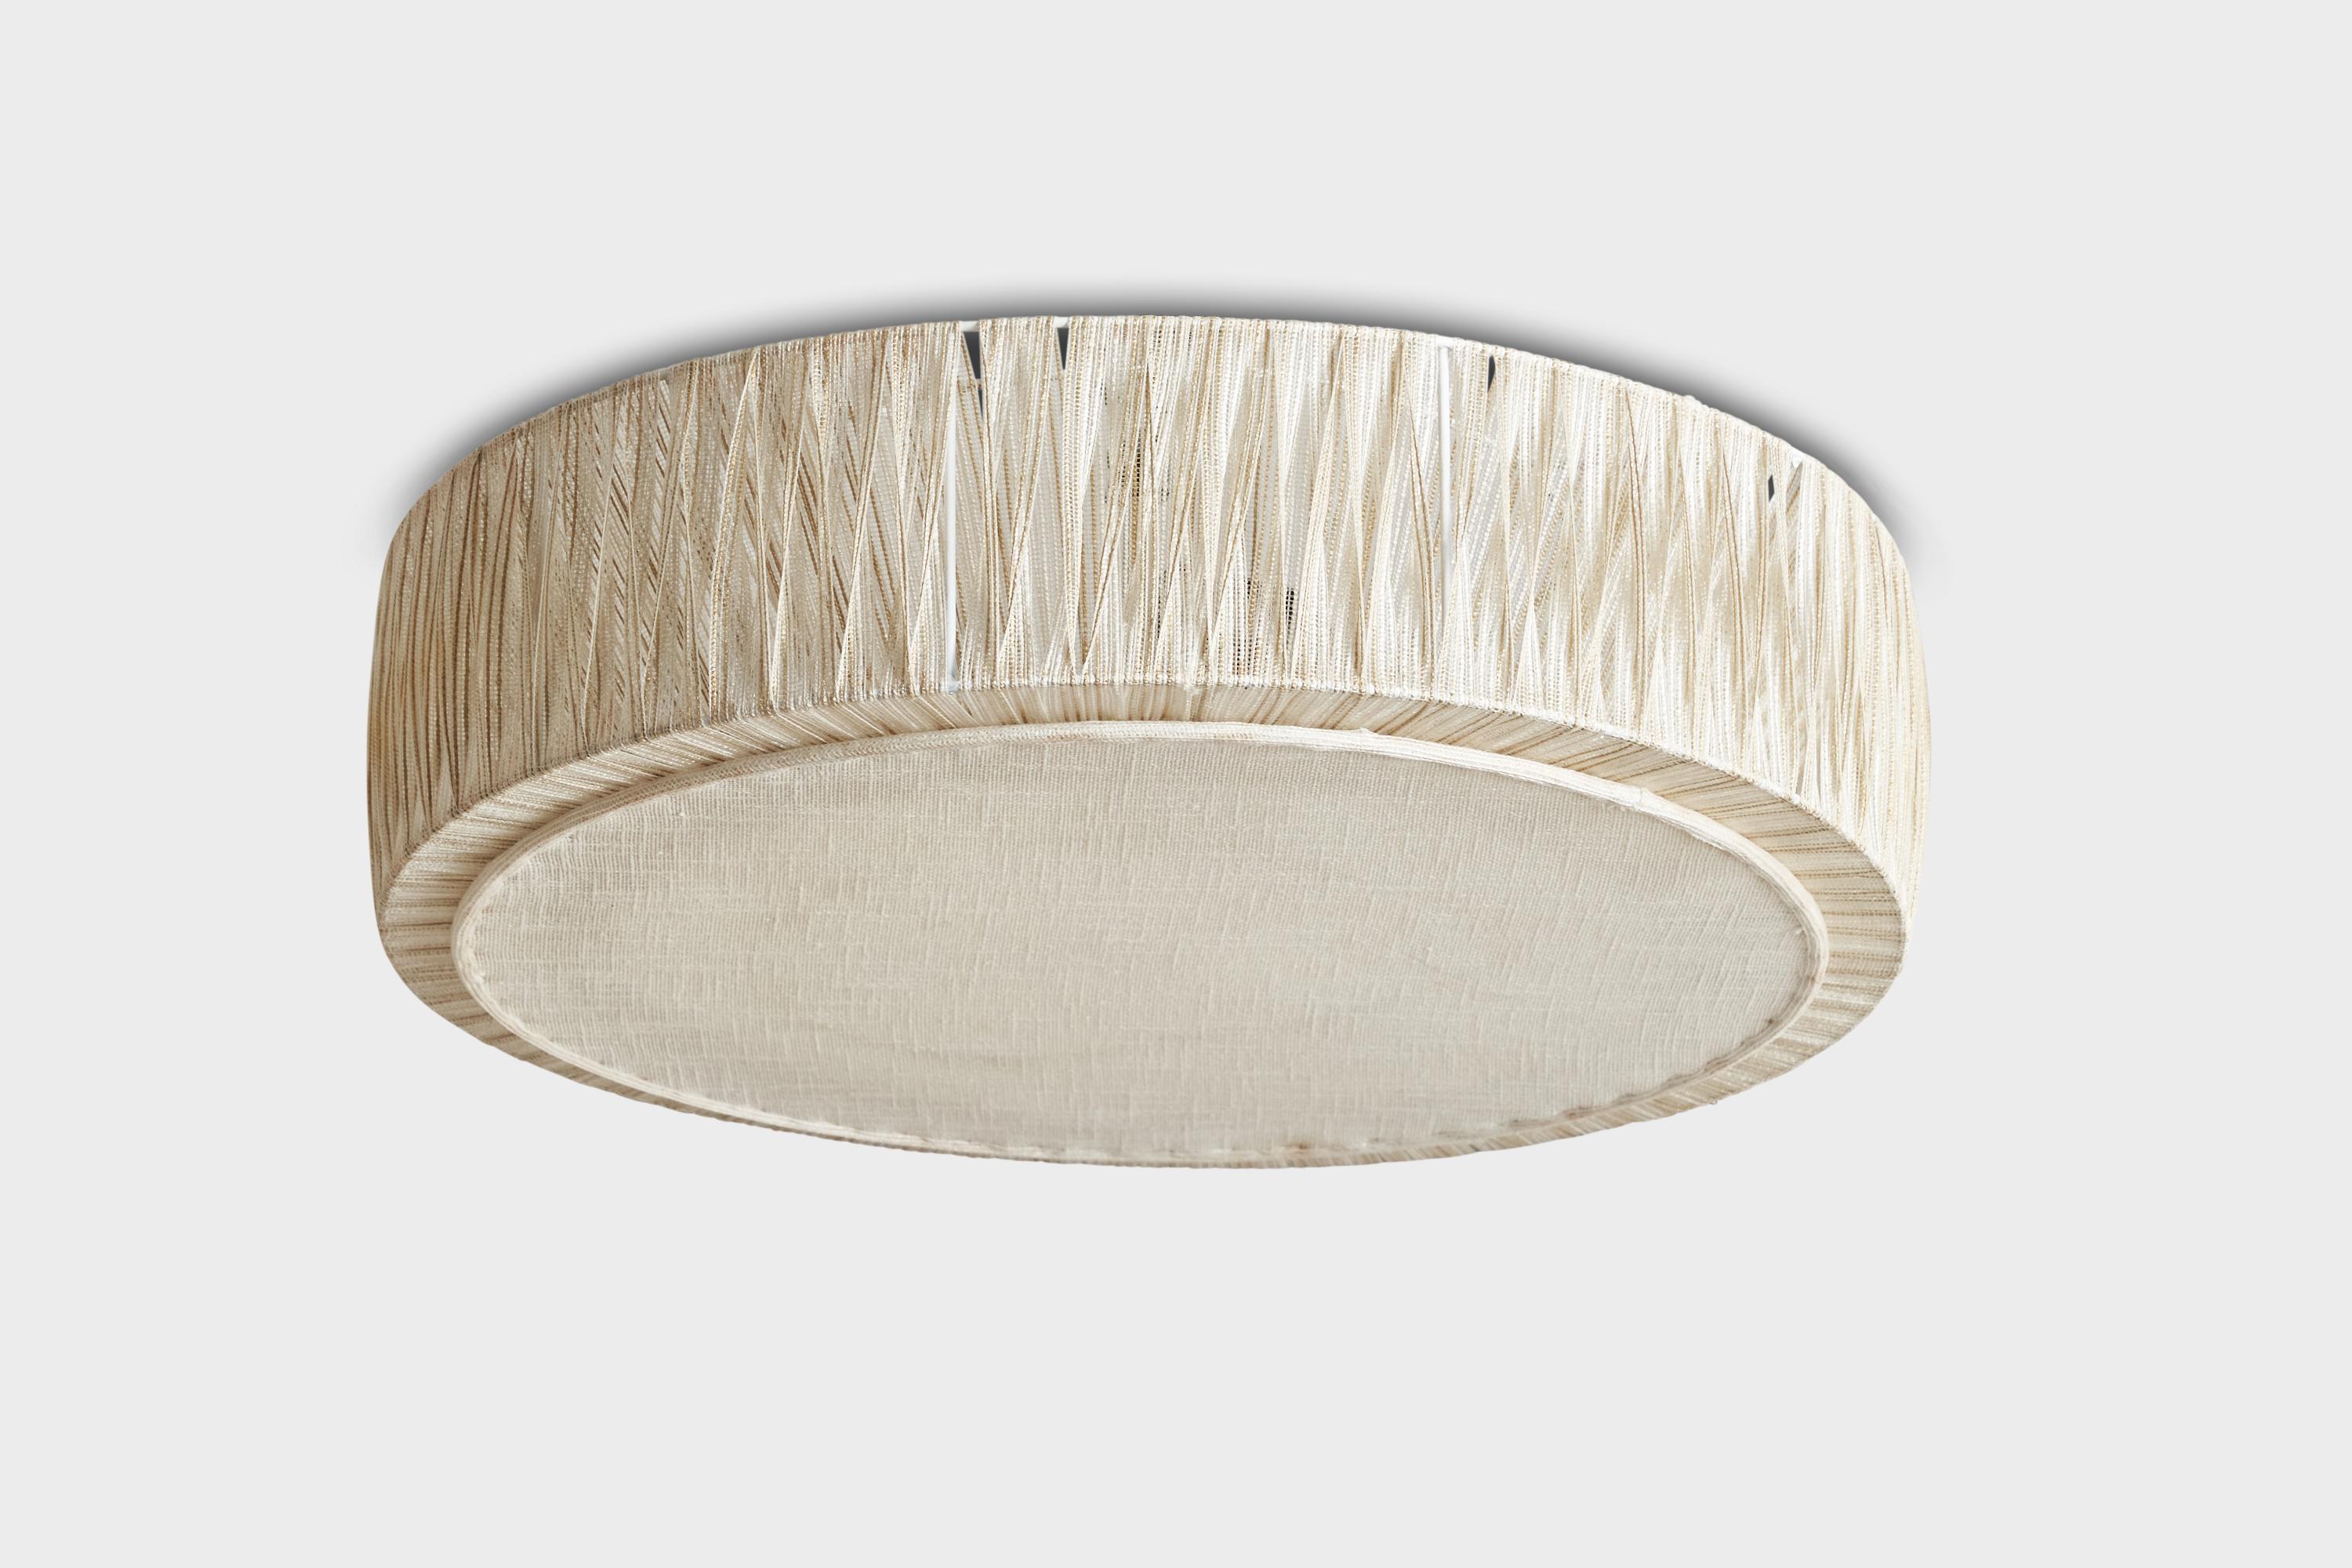 An off-white fabric flush mount designed and produced in Sweden, 1960s.

Dimensions of canopy (inches): N/A
Socket takes standard E-26 bulbs. 2 sockets.There is no maximum wattage stated on the fixture. All lighting will be converted for US usage.

══════════════════════════════

Copy out the lines above in full and unaltered, apart from the pictures.

 An off-white fabric flush mount designed and produced in Sweden, 1960s.

Dimensions of canopy (inches): N/A
Socket takes standard E-26 bulbs. 2 sockets.There is no maximum wattage stated on the fixture. All lighting will be converted for US usage.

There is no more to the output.